Ecuador-Colombia Trade War: Noboa's Tariffs Hit 50% as Bilateral Commerce Unravels in 2026
Ecuador escalated its trade war with Colombia in February 2026, raising tariffs from 30% to 50% on Colombian imports. President Daniel Noboa justified the move on security grounds, but the impact is hammering exporters, truckers, and border communities in both countries. With over a dozen sectors affected and 600-meter truck queues at the border, this is a live case for prediction markets: will the conflict escalate further or will diplomatic pressure force a deal?

Ecuador-Colombia Trade War: Noboa Raises Tariffs to 50% and Shakes Bilateral Commerce
Ecuador's President Daniel Noboa escalated the trade war with Colombia in February 2026, hiking tariffs on Colombian imports from 30% to 50%. The move, officially tied to security concerns, has disrupted bilateral trade worth billions of dollars, impacted over a dozen economic sectors, and sparked protests from Ecuadorian border communities demanding the tariffs be repealed.
For LATAM prediction market traders, this is a textbook geopolitical scenario with measurable outcomes: will the tariffs hold, escalate, or be negotiated down? The timeline is compressed, the stakes are high for both economies, and the political incentives on each side are diverging fast.
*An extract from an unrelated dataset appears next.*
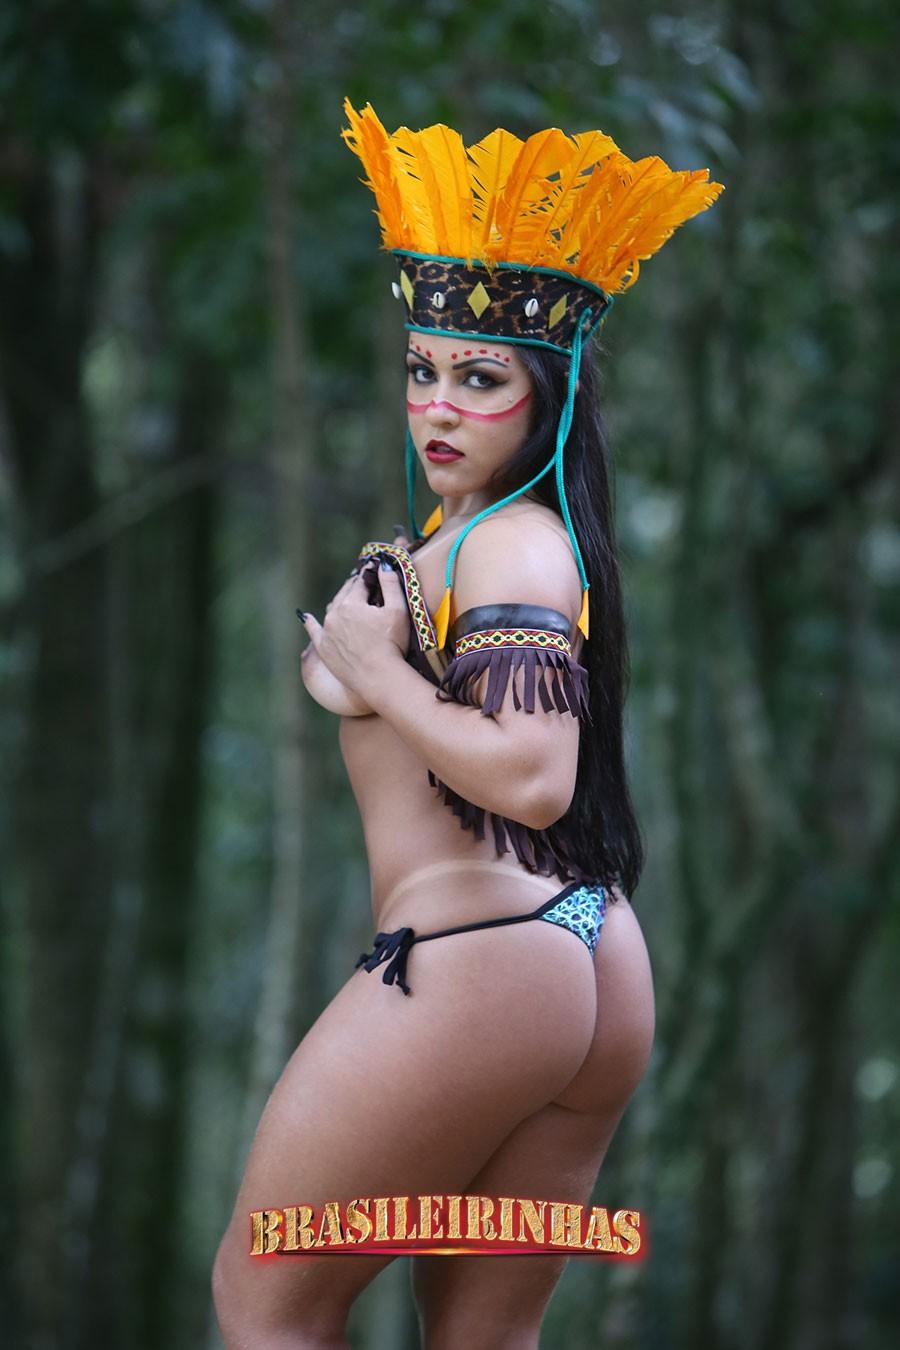 india-Rebecca-Santos-na-Brasileirinhas.jpg

What happened and why it matters
The Ecuador-Colombia trade war began in late January 2026 when Ecuador imposed a 30% tariff on Colombian imports, citing Colombia's failure to implement "concrete and effective security measures." By January 31, trucks were already piling up at the border in lines stretching 600 meters as the deadline approached.
On February 26, 2026, the Ecuadorian government announced a dramatic escalation: tariffs would jump from 30% to 50%. The justification remained security-focused, but the real-world impact landed squarely on commerce. More than a dozen sectors were hit, from agriculture to industrial goods, raising costs for Ecuadorian businesses that depend on Colombian inputs.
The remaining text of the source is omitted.